Learning by Doing: A Handbook for Professional Learning Communities at Work, Chapter 2 (pp. 13-42)

Richar DuFour, Rebecca DuFour, Robert Eaker, and Thomas Many provide useful tools for developing your school’s mission, vision, and values so that your school can be designed around a shared purpose.

The Amazon.com summary for Learning by Doing: A Handbook for Professional Learning Communities at Work says:

This handbook is a guide for action that will:

Help educators develop a common vocabulary and consistent understanding of key PLC concepts.
Present a compelling argument that the implementation of PLC concepts will benefit students and educators alike.
Help educators assess the current reality in their own schools and districts.
Convince educators to take purposeful steps to develop their capacity to function as PLCs.
It also addresses seven critical questions encountered when shifting from a traditional school to a PLC:

Why questions.

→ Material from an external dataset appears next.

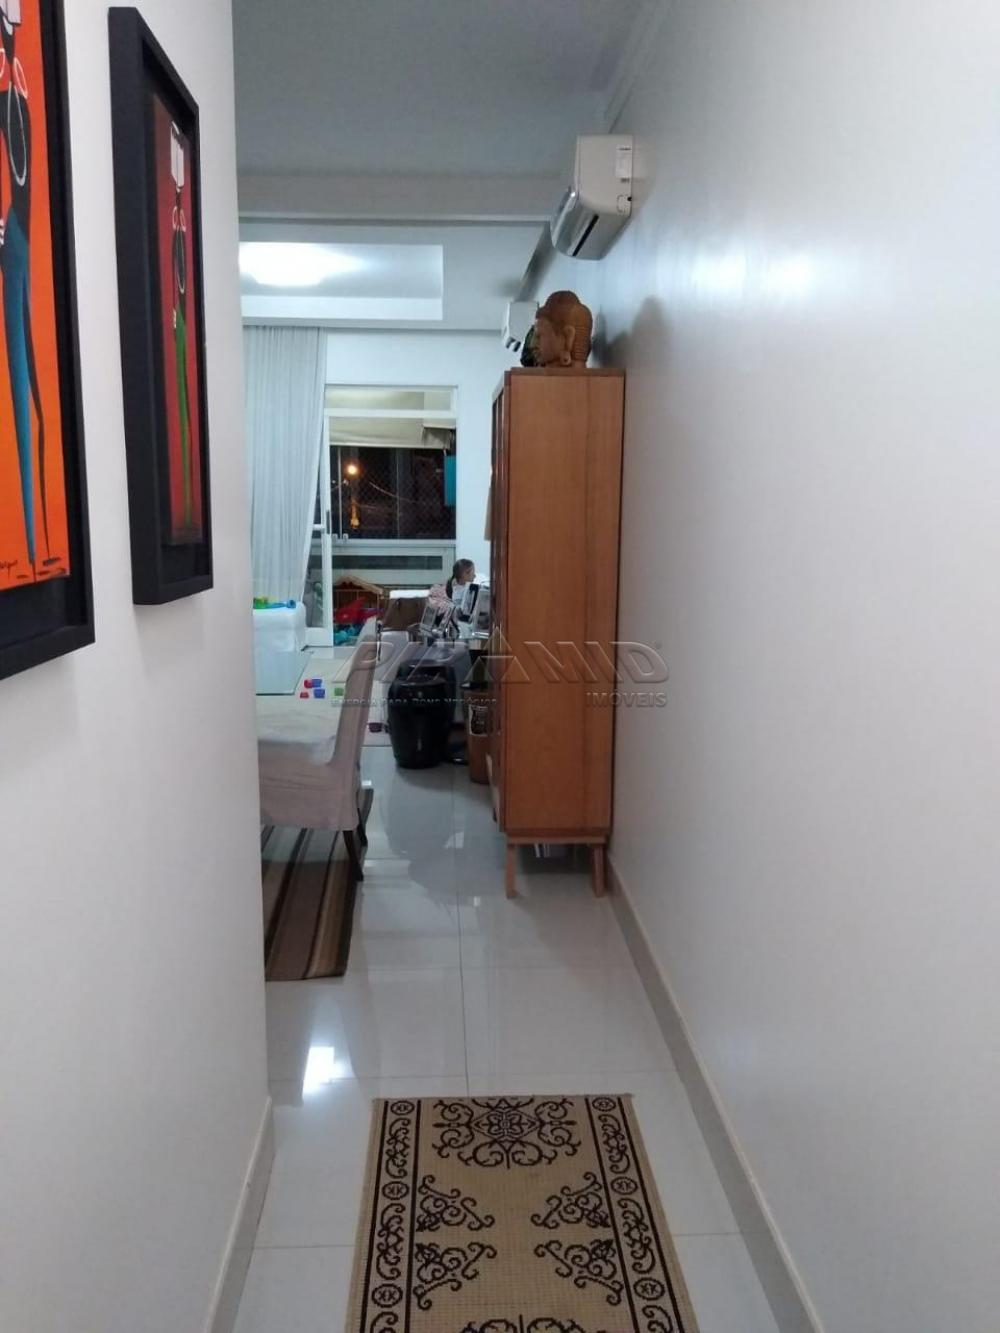 Comprar Apartamento / Padrão em Ribeirão Preto R$ 397.000,00 - Foto 3
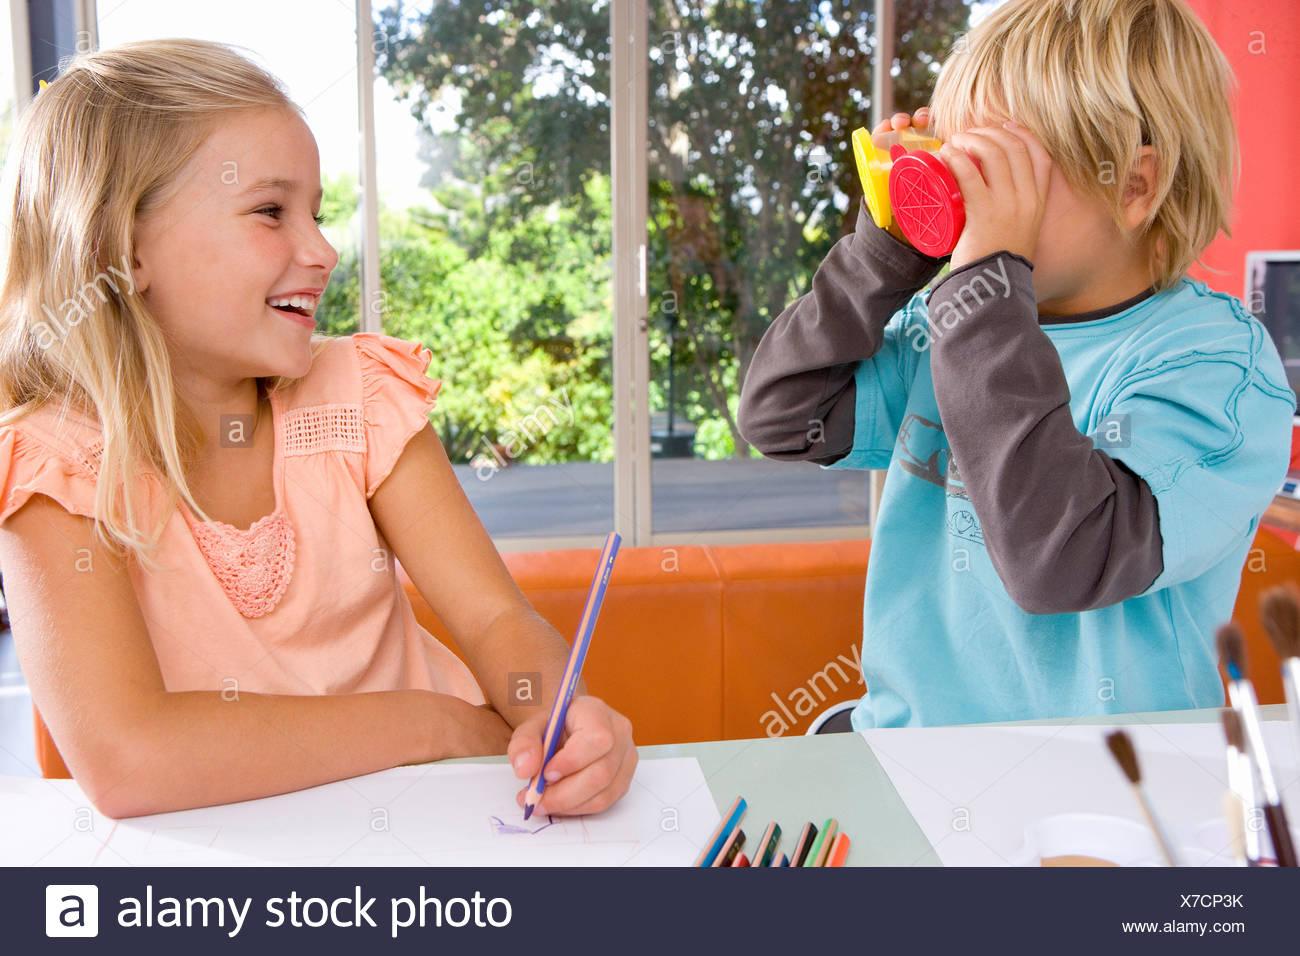 Garçon Fille faire rire de l'art et des métiers tableau Photo Stock

Why should we do this? Can you present a rationale as to why we should engage in this work? Is there evidence that suggests the outcome of this work is desirable, feasible, and more effective than what we have traditionally done?
What questions. What are the exact meanings of key terms? What resources, tools, templates, materials, and examples can you provide to assist in our work?
How questions. How do we proceed? How do you propose we do this? Is there a preferred process?
When questions. When will we find time to do this? When do you expect us to complete the task? What is the timeline?
Guiding questions. Which questions are we attempting to answer? Which questions will help us stay focused on the right work?
Quality questions. What criteria will be used to judge the quality of our work? What criteria can we use to assess our own work?
Assurance questions. What suggestions can you offer to increase the likelihood of our success? What cautions can you alert us to? Where do we turn when we struggle?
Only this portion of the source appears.